Jonathan continua ad allenarsi in solitaria e a sperimentare delle nuove acrobazie,
finché un giorno incontra due gabbiani, dal piumaggio più luminoso e splendente
degli altri, che lo convincono a seguirli in un superiore, seppur temporaneo, livello
di esistenza, dove Jonathan incontrerà altri gabbiani che condividono la stessa
passione per il volo. Tra questi vi è Sullivan, un gabbiano-istruttore, e il più
anziano Chiang, che insegnerà a Jonathan come volare istantaneamente con il
pensiero. Il percorso di formazione di Jonathan prevede che egli alleni soprattutto la
sua mente, nella ricerca costante di un’idea di libertà che coincida con l’immagine
di una creatura superiore, il Grande Gabbiano. Quando Chiang svanisce verso una
dimensione superiore, Jonathan rimane con Sullivan a istruire i nuovi gabbiani. Ma,
nonostante le resistenze dell’amico, l’irrequietezza e la voglia di Jonathan di
trasmettere ad altri le sue conoscenze lo conducono di nuovo sulla Terra. Jonathan,
per completare il proprio perfezionamento filosofico, deve diventare, da studente qual
è, un maestro, capace di perdonare e istruire proprio lo Stormo Buonapettito che,
tempo prima, l’aveva cacciato. Jonathan applica allora questa legge d’amore come
prima applicava esclusivamente quella della ricerca della libertà: egli si rivede nel
giovane gabbiano Fletcher Lynd, in cui, come mentore, egli si rivede. Presto altri
gabbiani, desiderosi di apprendere le tecniche del volo libero, si aggregano a
Jonathan e al suo discepolo.
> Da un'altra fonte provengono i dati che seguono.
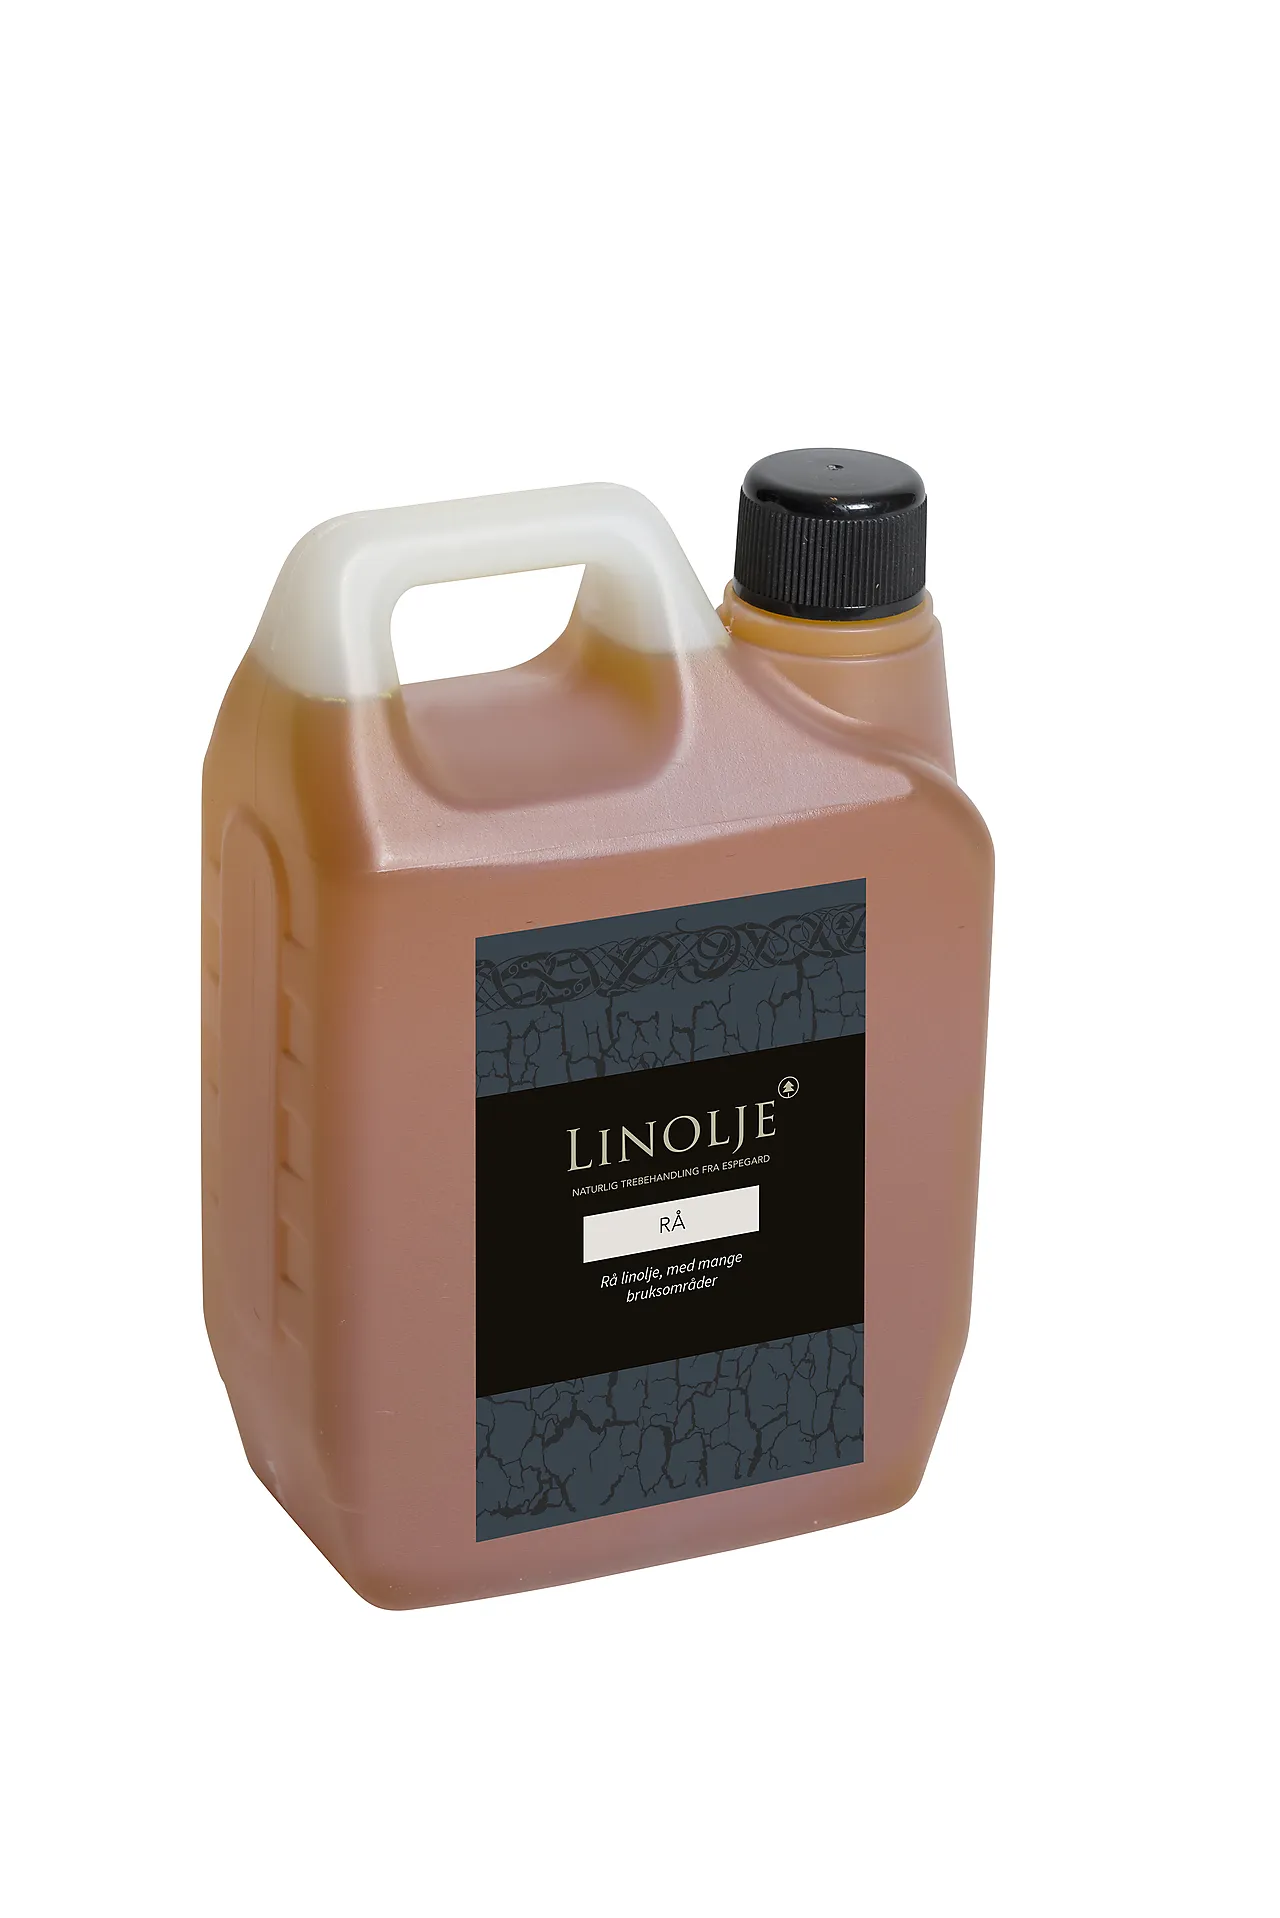 Linolje rå - 1 ltr rå linolje - 1 ltr
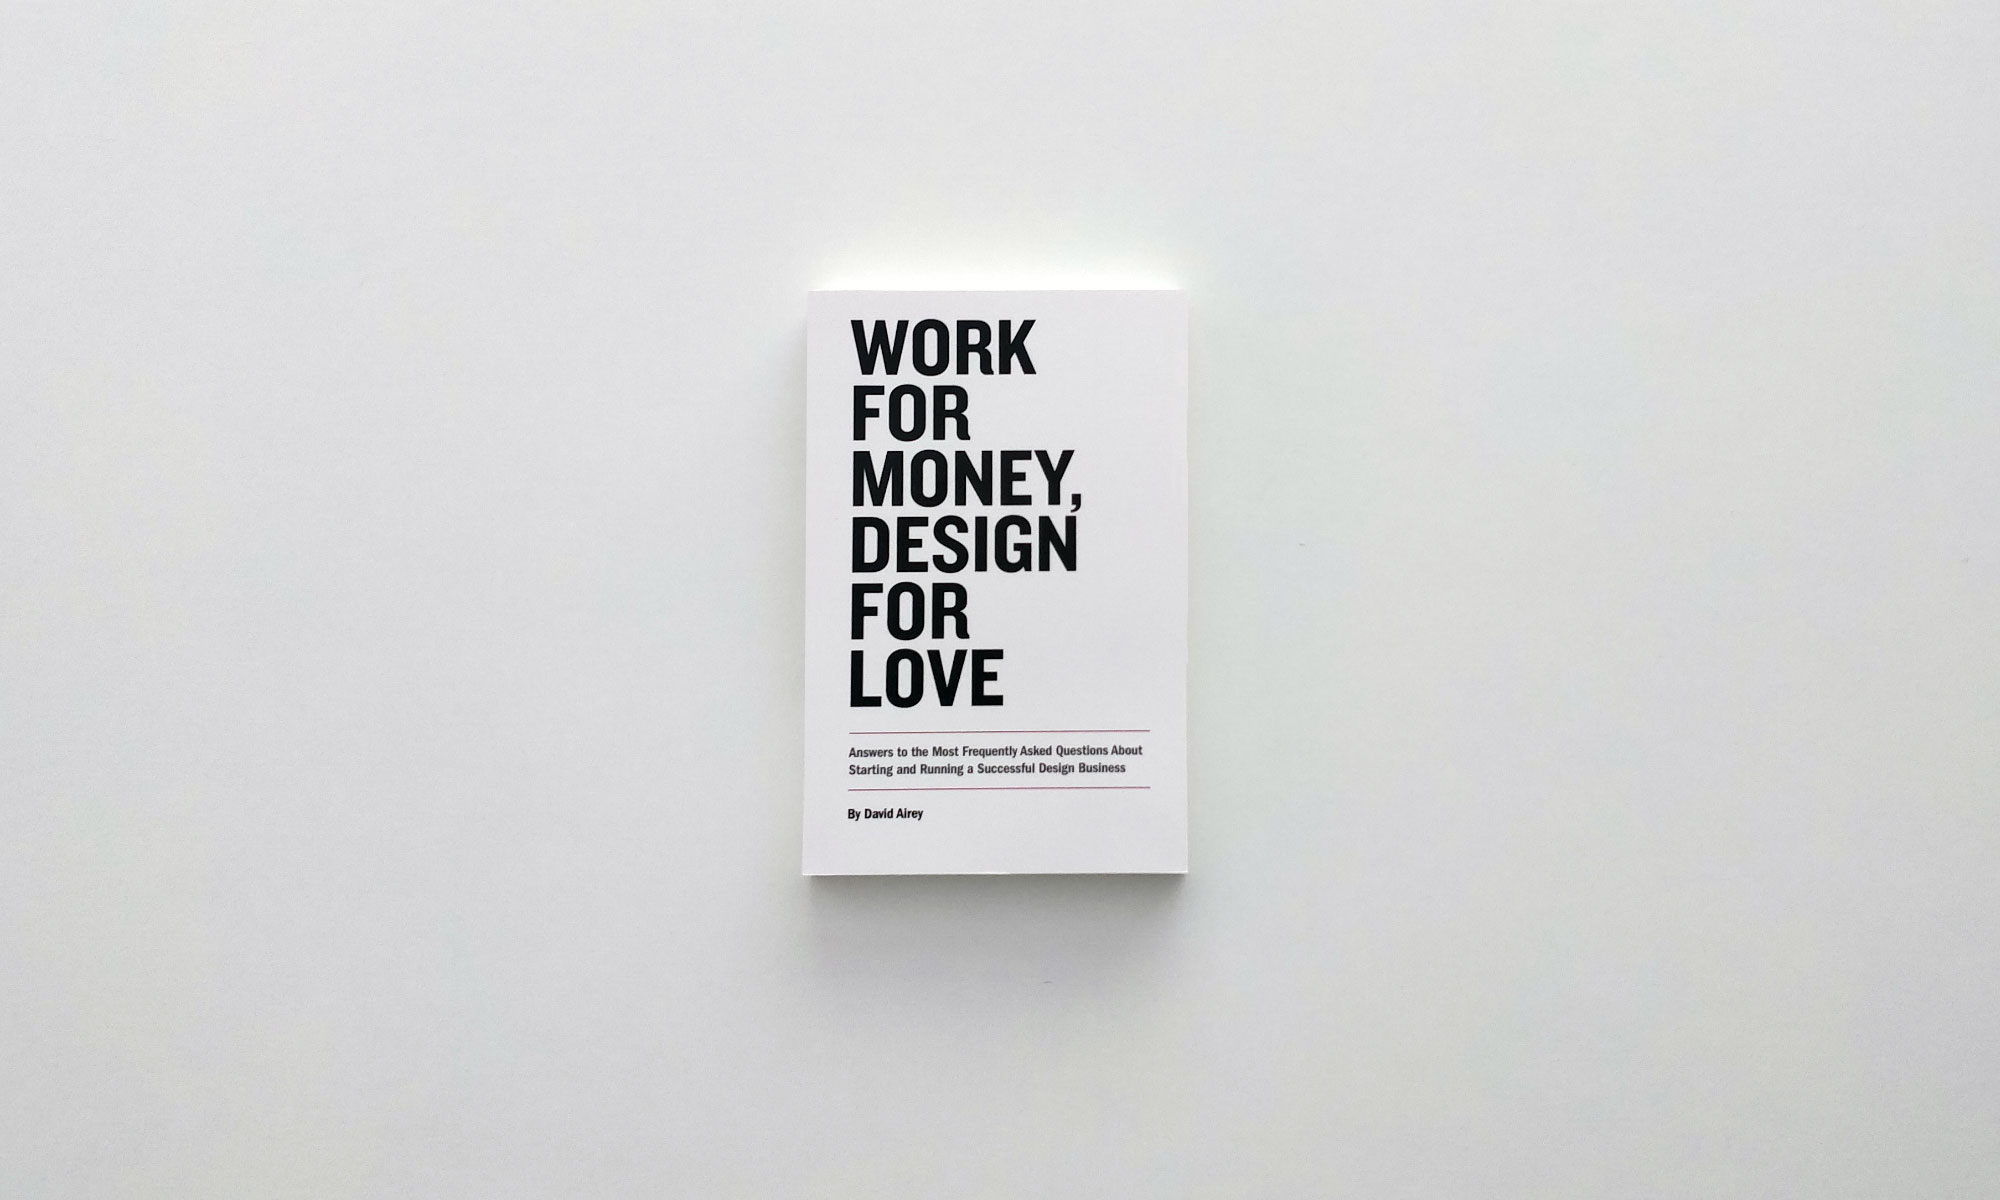 Work for Money, Design for Love

Quando anche Fletcher è giunto al livello di maestro.
Jonathan capisce che la sua missione è conclusa e svanisce nel nulla.
Se si legge la dedica dell’autore posta in apertura del romanzo (“Al vero Gabbiano
Jonathan che vive nel profondo di tutti noi”) si comprende che il percorso di ricerca
del protagonista viene auspicato anche per il lettore. Jonathan Livingston è in
effetti una favola a sfondo spirituale, che descrive un percorso di miglioramento
interiore attraverso una serie di tappe intermedie. Qui la tradizione del romanzo di
formazione viene dunque spostata sul versante spirituale: ciò che importa è la salute
dell’anima e il volo del gabbiano è la metafora del distacco dal corpo e dal mondo
terrestre per abbracciare una dimensione celeste o comunque metafisica. La novella
di Bach è altamente rappresentativa di quel genere di narrazioni spirituali che si
sviluppano in America negli anni successivi al boom economico degli anni
Cinquanta e che vogliono contrastare gli aspetti più superficiali e materialistici di
una società in rapidissimo sviluppo, legata a doppio filo alla diffusione di un
consumismo sfrenato cui opporre, nella prospettiva di Bach, i valori metafisici della
ricerca di sé, della propria identità, di un valore assoluto cui obbedire a costo di ogni
sacrificio. Per il suo racconto spirituale, Bach ha cucito insieme elementi molto
diversi tra loro in un generico sincretismo filosofico che ha lasciato molto perplessi i
critici ma che ha conquistato più di una generazione di lettori, tanto che Il gabbiano
Jonathan Livingston è considerato in libro di cult. In particolare, vale la pena citare
quanto è stato scritto da Beverly Byrne in una delle recensioni appena uscita dopo la
pubblicazione: “Questo gabbiano è un Siddharta 1 atletico che si fa di latte in
polvere e che mastica il Coranotradotto da Bob Dylan”. 2.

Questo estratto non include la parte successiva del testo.